El tren se detuvo con su ruido pesado característico que tanto me agrada. Tomé el equipaje y me dispuse a abordar el tren. Nadie bajó de la larga fila de carros. Me di cuenta que la mayoría eran carros cerrados de carga, sólo unos pocos estaban dispuestos para acomodar un número determinado de pasajeros. Con esfuerzo alcé mí cuerpo a los primeros peldaños del vagón que correspondía a la numeración del pasaje y una vez en la entrada, me dispuse a buscar el asiento E33. No creo haber visto a más de nueve pasajeros en el carro, lo cual para mí resultaba agradable tener la oportunidad de viajar con poca gente. Fácilmente encontré la ubicación y me dispuse a enfrentar las horas de viaje que me aguardaban antes del próximo trasbordo. Estaba acomodando el cuerpo al asiento, cuando el tren comenzó a mover su pesada estructura por los rieles. Mientras el tren comenzaba a ganar velocidad y el paisaje adquiría esa movilidad aparente tan ensoñadora que provoca un largo viaje, acudió a mí una tranquilidad nunca antes experimentada, una paz como de aquella que solo entrega un buen libro o una buena pintura. No quise siquiera preguntar por su naturaleza, el temor de perder aquella sensación me hizo no querer pensar, sólo dejarme llevar por su presencia.
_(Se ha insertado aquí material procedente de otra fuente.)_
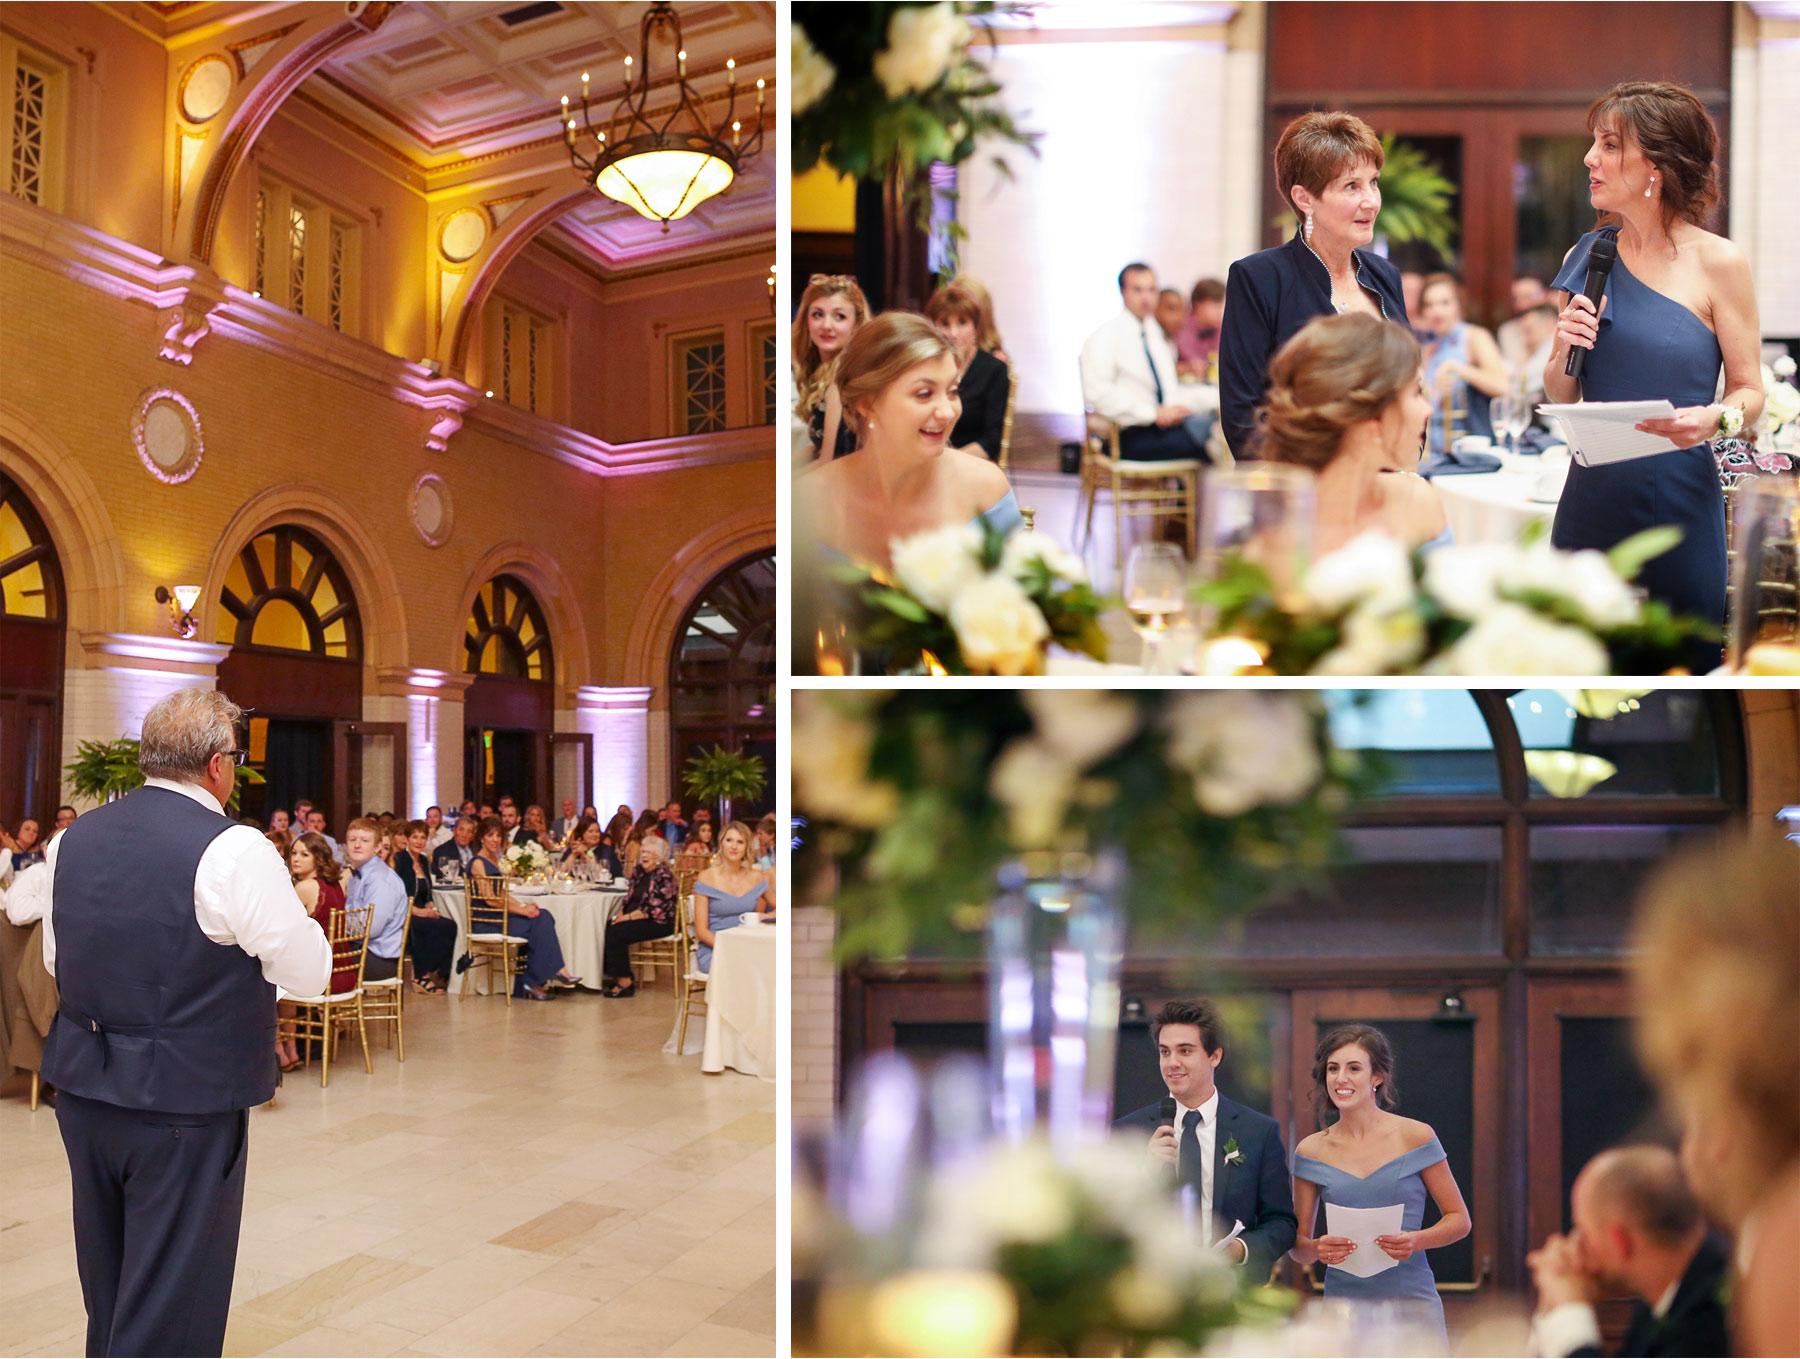 20-Minneapolis-Minnesota-Wedding-Vick-Photography-The-Depot-Reception-Toasts-Amelia-and-Alexander.jpg

El tren había ganado su velocidad de servicio y mi imaginación estaba con el movimiento, los aromas, el ruido, la luz. Al mirar por la ventana, pude ver la otrora gran hacienda ganadera. Intenté fijar la mirada en la casona que ya se advertía a la salida de una curva extensa: Ahí estaba. Se podía apreciar a lo lejos su gran tamaño; con la imagen cortada por el paso de árboles y arbustos, pude divisar su fachada. Quedé mirando hacia la entrada y pensando en la llamada telefónica que haría a la hacienda a mí llegada.